Suarez et al. (2005) developed a TaqMan-based real-time PCR assay for the quantification of B. cinerea in Pelargonium species. This assay facilitated quantification of B. cinerea inoculum over four orders of magnitude. Furthermore, there was a positive relationship between estimates of inoculum concentration and the visible symptoms on leaf discs. Quantitative real-time PCR has been used for a range of pathogens in agronomic and horticultural, crops including Fusarium spp. in wheat, Rhizoctonia spp. in tomato, and Phytopthora ramorum in Quercus spp. (Leivens et al., 2006; Schena, et al., 2006; Schnerr, et al., 2001; Tooley et al., 2006).
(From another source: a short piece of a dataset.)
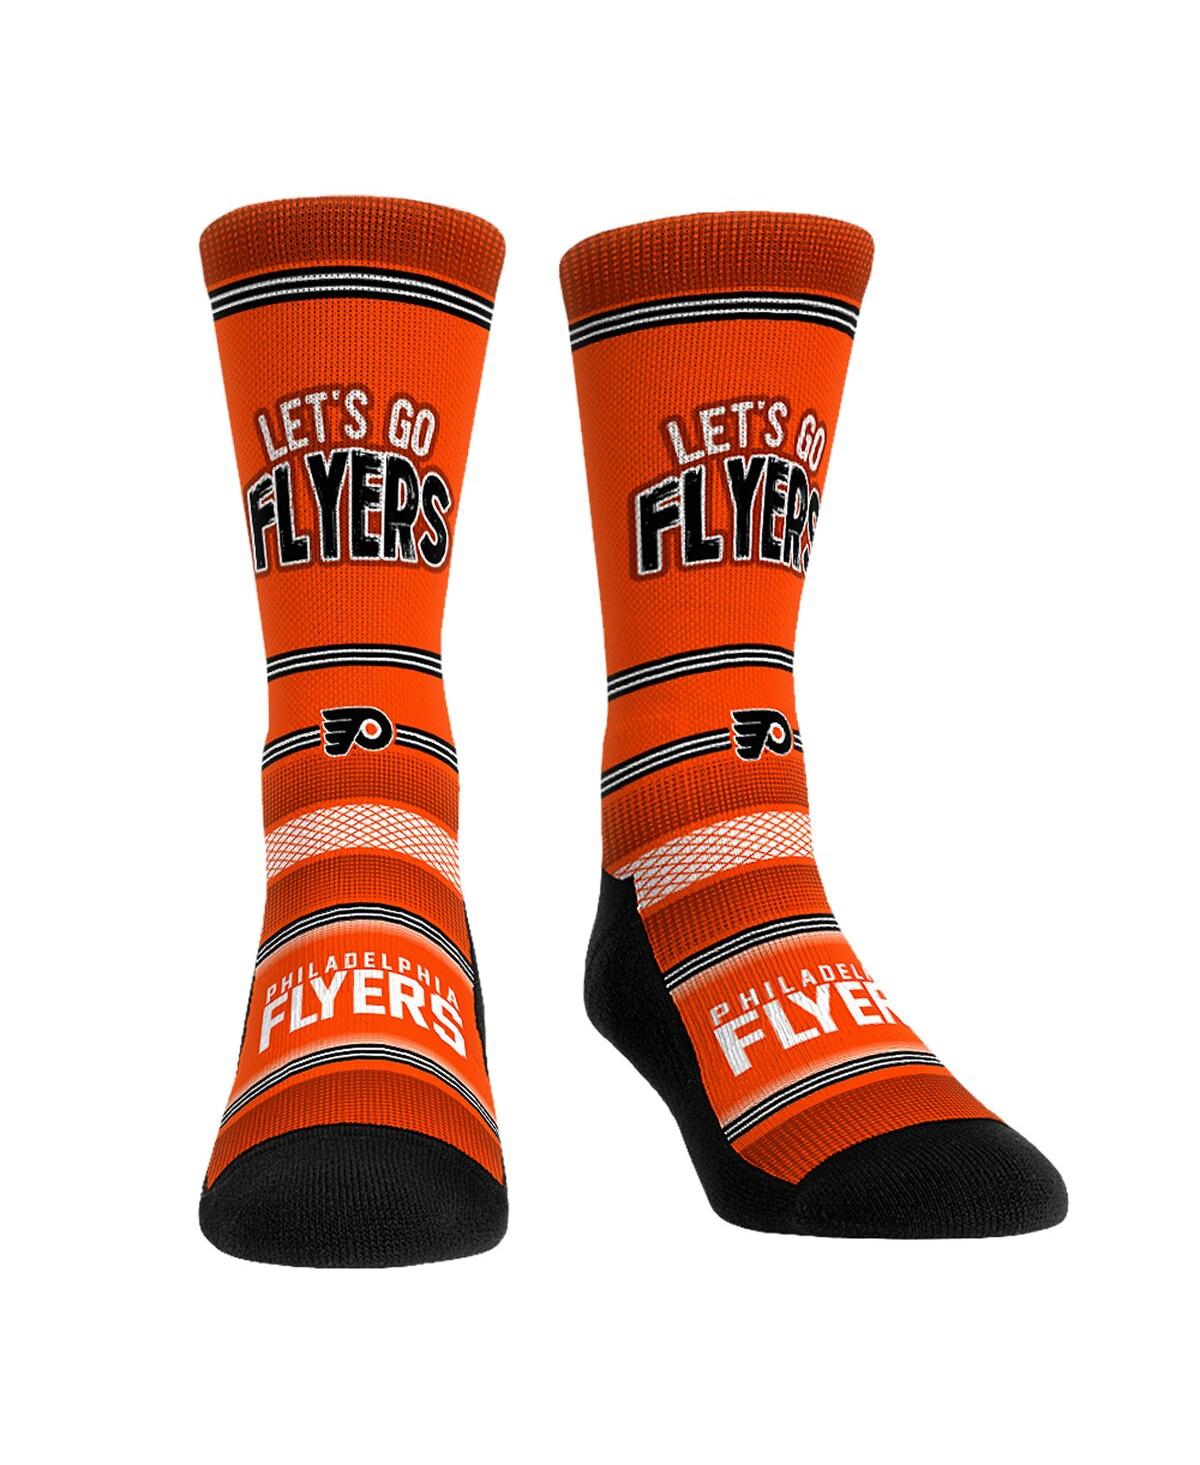 Rock 'em Men's And Women's  Socks Philadelphia Flyers Team Slogan Crew Socks In Orange

Recently Chilvers et al. (2007) developed a real-time PCR assay for the detection Botrytis spp. in onion seed. Using primers developed for the intergenic space region of Botrytis spp., the authors detected Botrytis DNA at levels of 10 fg·μL−1. However, the real-time PCR assay was applied for pathogen detection in onion seed and did not consider estimation of mycelial colonization in bulb tissue (Chilvers et al., 2007).
Our objective in this study was to demonstrate that real-time PCR could be used to reliably quantify the level of B. aclada colonization in inoculatated onion tissue while using a reference gene, serine acetyl transferase (SAT1), from onion to normalize data.